TASK GOAL - Give again, unchanged, the line that contains "Desinfektionstücher Dictum soft-wipe" together with every line that follows it until the entries end.

(Records from a data source)
Content starts
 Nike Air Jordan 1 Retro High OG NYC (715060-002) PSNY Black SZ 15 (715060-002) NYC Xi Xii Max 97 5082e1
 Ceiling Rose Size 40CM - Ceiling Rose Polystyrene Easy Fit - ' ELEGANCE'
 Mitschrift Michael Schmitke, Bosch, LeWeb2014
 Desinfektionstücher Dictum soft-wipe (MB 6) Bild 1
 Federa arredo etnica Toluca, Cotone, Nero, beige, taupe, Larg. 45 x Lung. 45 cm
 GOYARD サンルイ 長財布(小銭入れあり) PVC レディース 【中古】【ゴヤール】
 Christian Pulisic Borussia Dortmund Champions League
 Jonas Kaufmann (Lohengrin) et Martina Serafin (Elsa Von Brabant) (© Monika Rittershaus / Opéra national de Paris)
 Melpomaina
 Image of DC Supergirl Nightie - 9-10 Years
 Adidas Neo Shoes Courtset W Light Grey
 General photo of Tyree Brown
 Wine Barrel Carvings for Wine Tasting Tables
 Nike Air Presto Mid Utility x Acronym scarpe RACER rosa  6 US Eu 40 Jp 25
Content ends
EXERCISE OUTPUT -
 Desinfektionstücher Dictum soft-wipe (MB 6) Bild 1
 Federa arredo etnica Toluca, Cotone, Nero, beige, taupe, Larg. 45 x Lung. 45 cm
 GOYARD サンルイ 長財布(小銭入れあり) PVC レディース 【中古】【ゴヤール】
 Christian Pulisic Borussia Dortmund Champions League
 Jonas Kaufmann (Lohengrin) et Martina Serafin (Elsa Von Brabant) (© Monika Rittershaus / Opéra national de Paris)
 Melpomaina
 Image of DC Supergirl Nightie - 9-10 Years
 Adidas Neo Shoes Courtset W Light Grey
 General photo of Tyree Brown
 Wine Barrel Carvings for Wine Tasting Tables
 Nike Air Presto Mid Utility x Acronym scarpe RACER rosa  6 US Eu 40 Jp 25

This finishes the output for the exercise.